◆ What you need to do:
The result should be the listing below restated word for word, with images left out.

◆ Data shown:
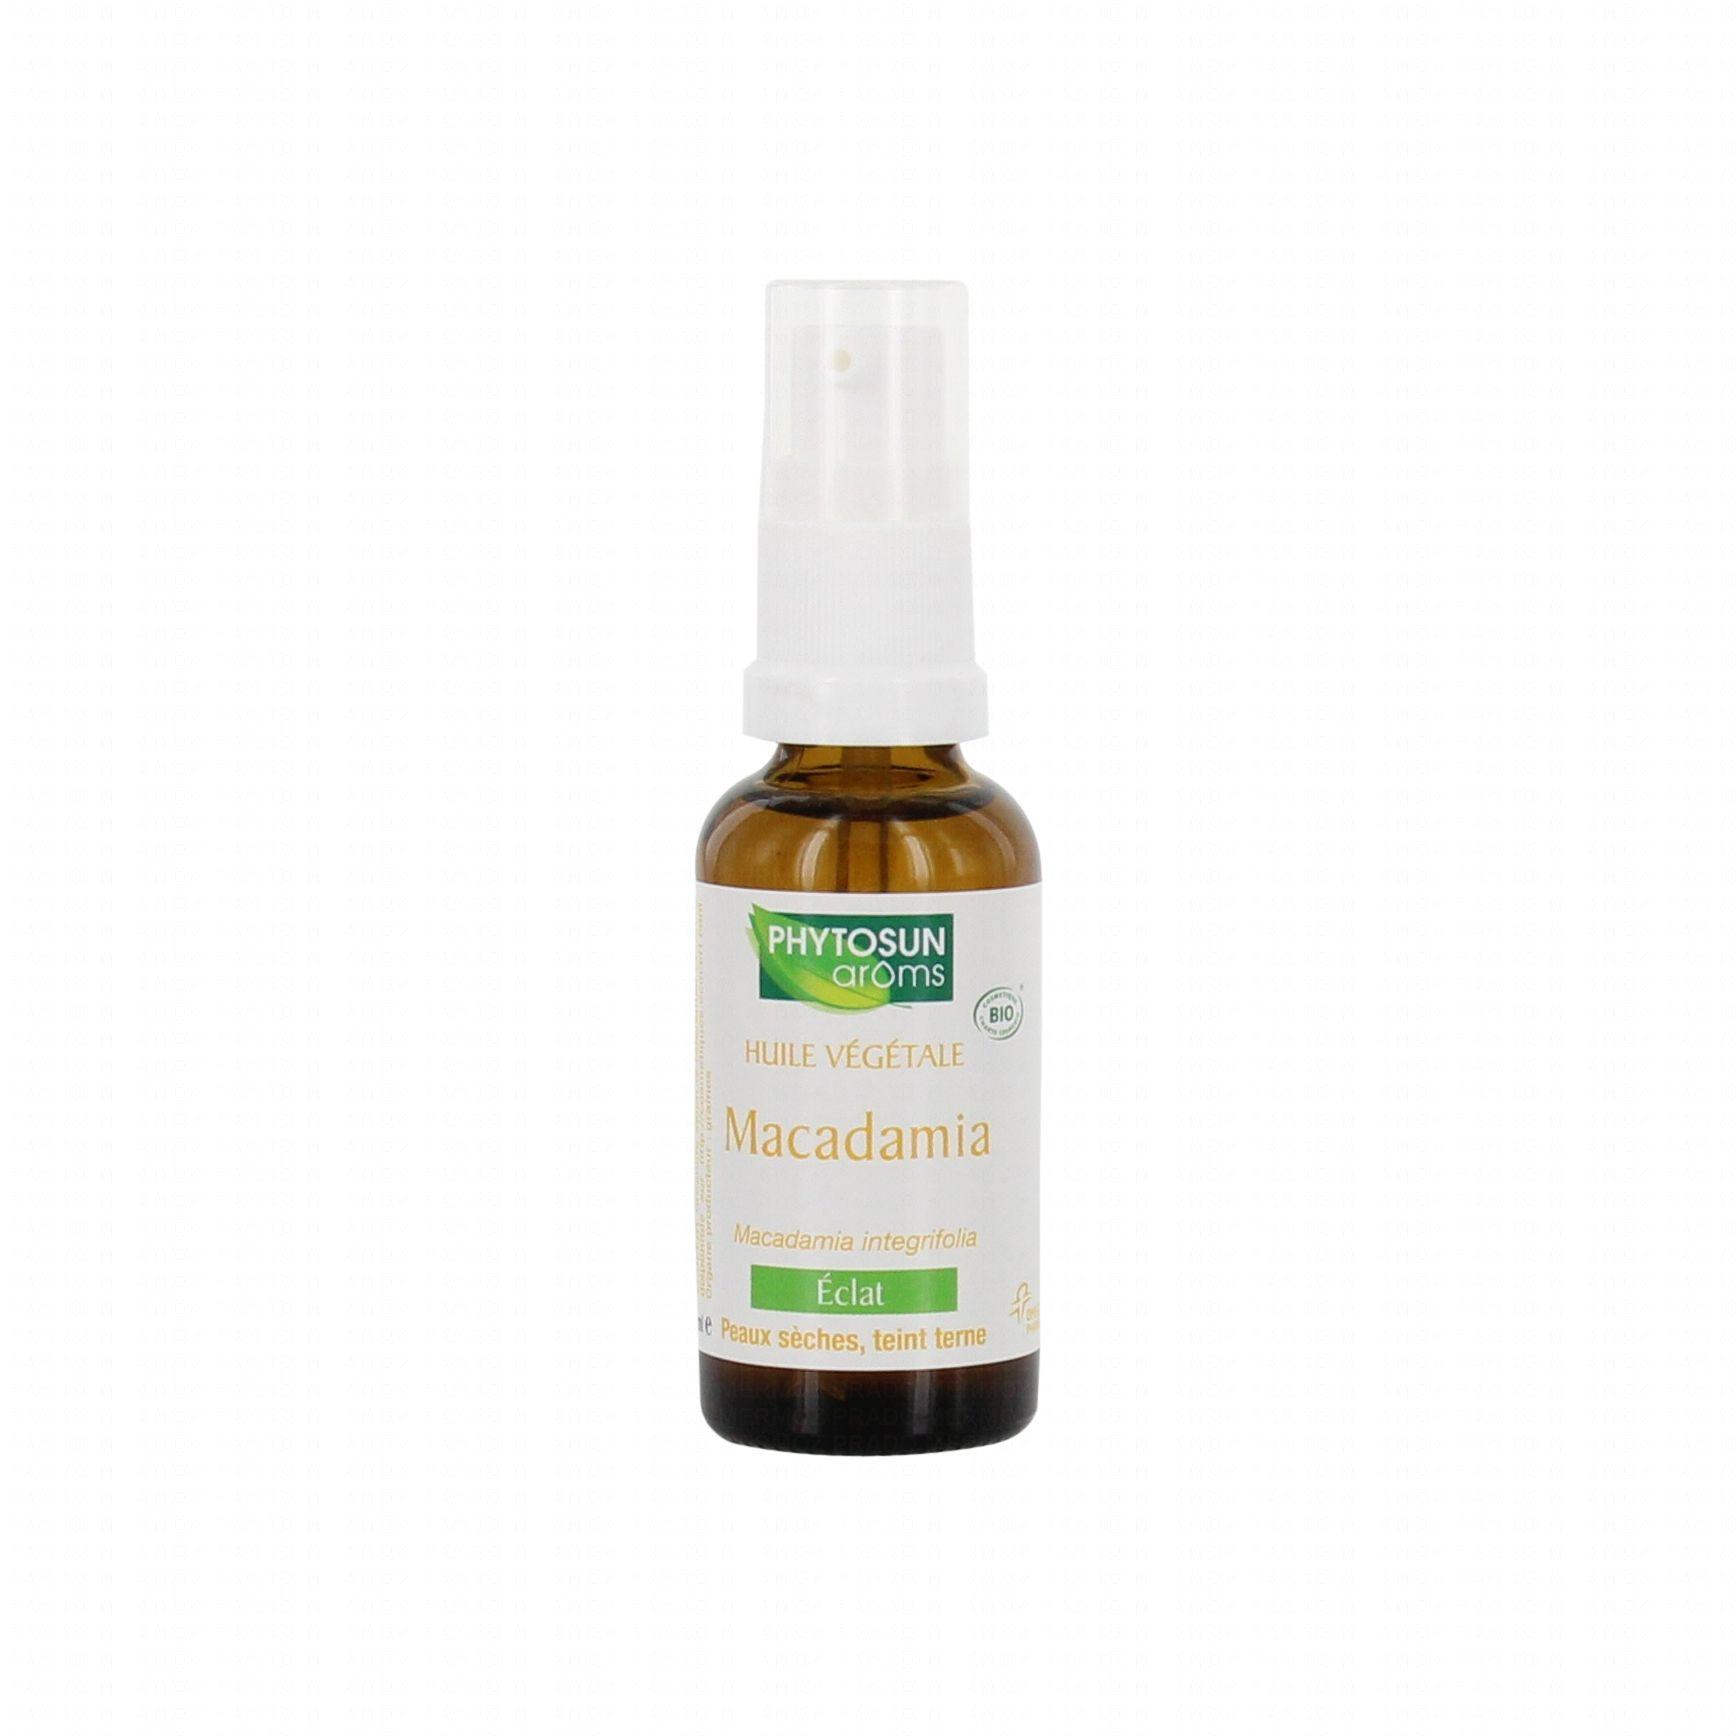 phytosun aroms huile v g tale bio de macadamia flacon 30 ml parapharmacie en ligne prado mermoz. Black Bedroom Furniture Sets. Home Design Ideas
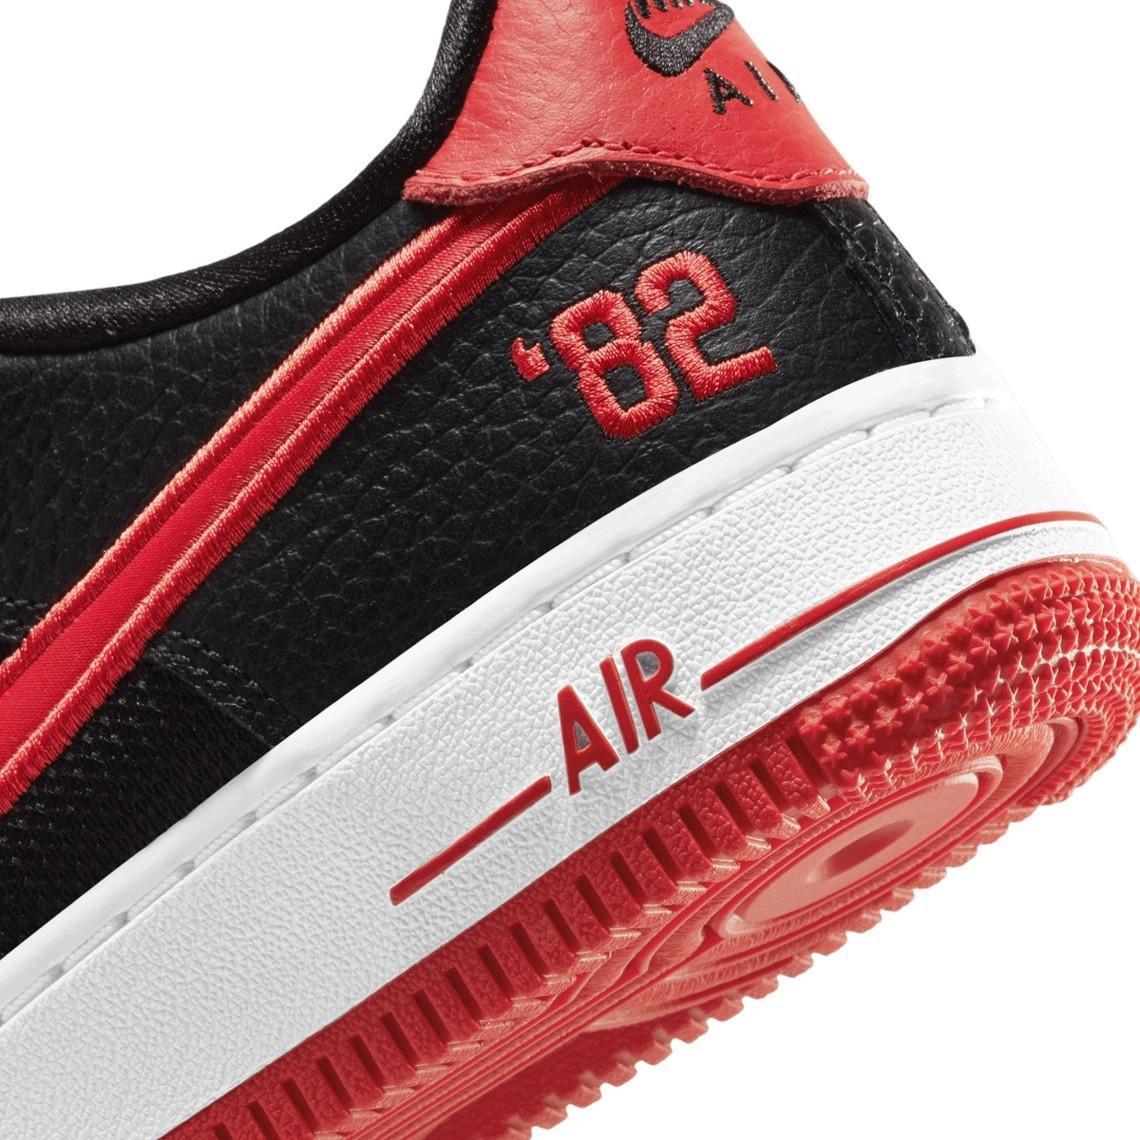 Nike Air Force 1 Low 82 Bred et Royal
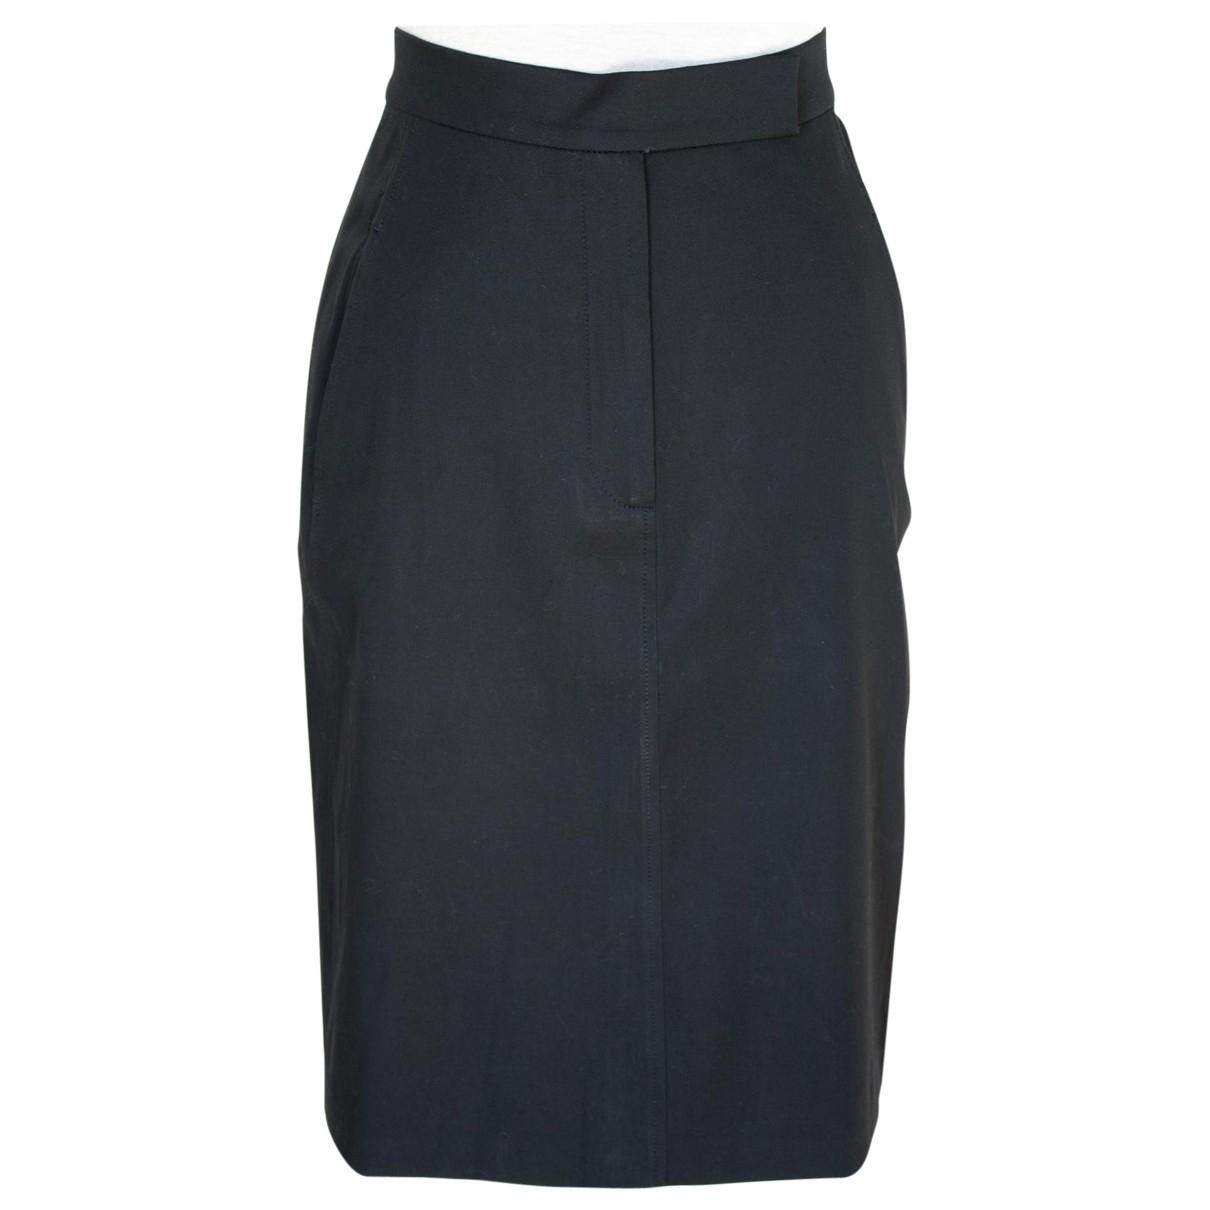 Max Mara \N Black Cotton skirt for Women 42 IT

◆ Reply to the task:
 phytosun aroms huile v g tale bio de macadamia flacon 30 ml parapharmacie en ligne prado mermoz. Black Bedroom Furniture Sets. Home Design Ideas
 Nike Air Force 1 Low 82 Bred et Royal
 Max Mara \N Black Cotton skirt for Women 42 IT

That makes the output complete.